Malko enleva une pile de dossiers d’un fauteuil pour pouvoir s’asseoir et remarqua :
— Je croyais que le gouvernement était très anticommuniste…
White haussa les épaules et cracha son chewing-gum dans un cendrier, à deux mètres de lui.
— Les Thaïs ne sont pro-personne, dit-il, désabusé. Toujours prêts au retournement. Leur emblème politique pourrait être la girouette. Pour l’instant, ils nous tolèrent. Sans plus. Mais ils donnent déjà des gages aux Chinois. Tout en les pourchassant et en faisant écarteler en public par des éléphants les chefs communistes que nous leur livrons. Nous sommes en Asie, patrie du raisonnement en spirale. Rien n’est jamais tout à fait simple ni tout à fait vrai.

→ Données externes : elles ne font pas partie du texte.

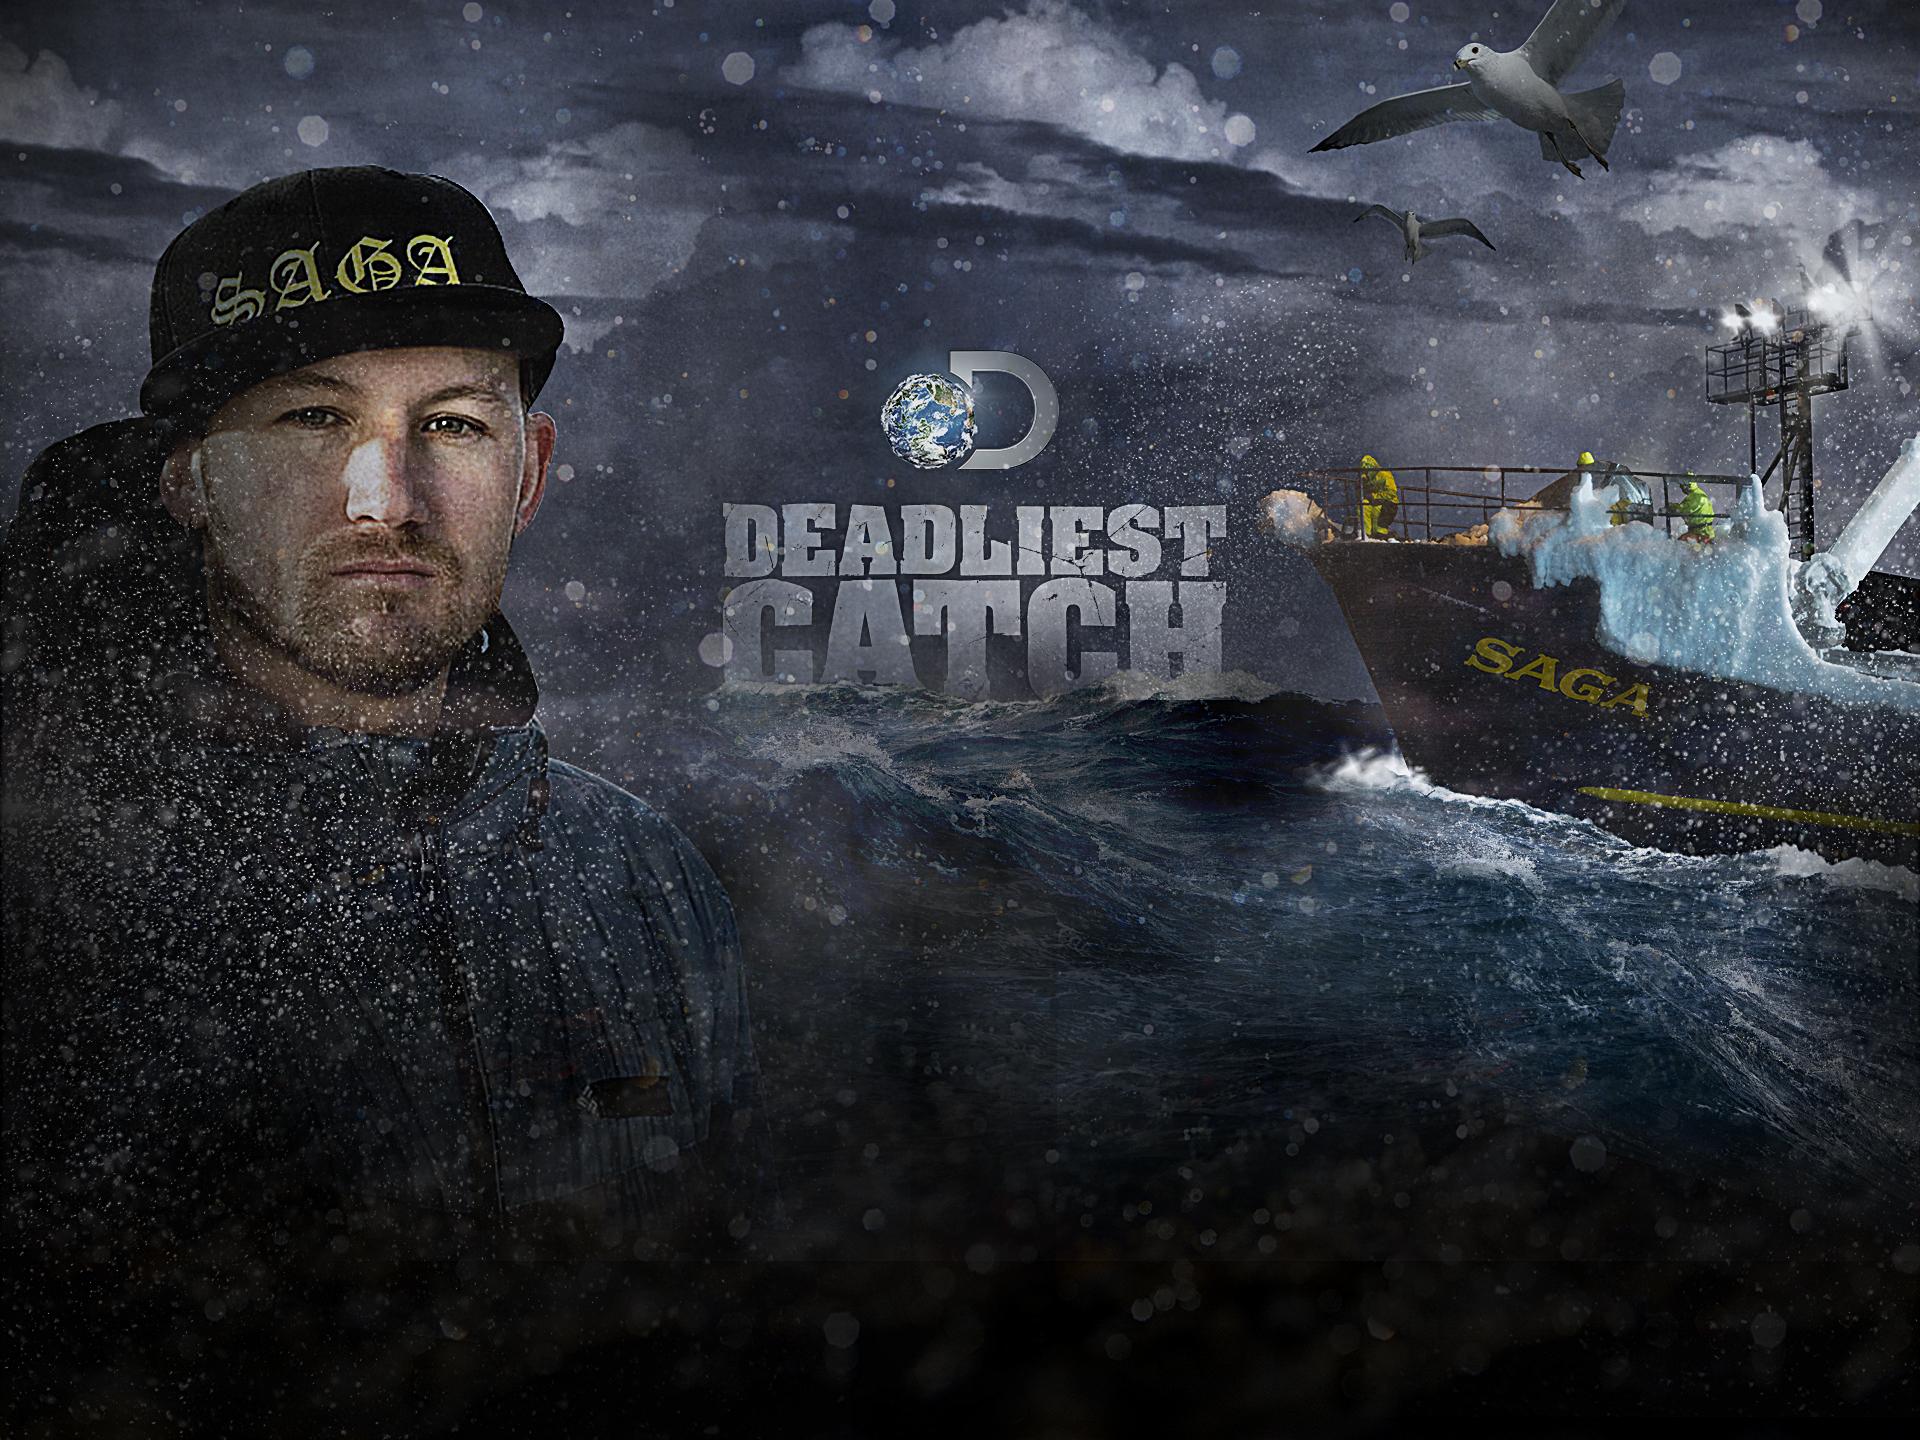 Deadliest Catch Raw Saga Discovery Channel 1920x1440

À propos, et votre Jim Stanford, vous l’avez retrouvé ?
Malko raconta ses démarches et la découverte du cadavre, sur la rivière Kwaï. Le colonel White hocha la tête :
— Cela ne prouve pas grand-chose. Sinon qu’il y a eu un témoin au meurtre, ou à l’enlèvement, de Jim Stanford.
— Je saurai peut-être quelque chose ce soir, annonça Malko. J’ai trouvé une fille qui semble avoir bien connu Jim Stanford.
— J’aimerais vous aider, dit White, de mauvaise grâce, mais je ne vois pas comment. Si Jim a vraiment été enlevé, il est planqué quelque part dans la jungle. Il faudrait beaucoup de temps et d’hommes.
Malko n’insista pas. Visiblement le colonel se moquait complètement du sort de Jim Stanford. Il se leva et prit congé. Dans le couloir, il aperçut Thépin, toujours en train de polir ses ongles. Pauvre petite fille riche.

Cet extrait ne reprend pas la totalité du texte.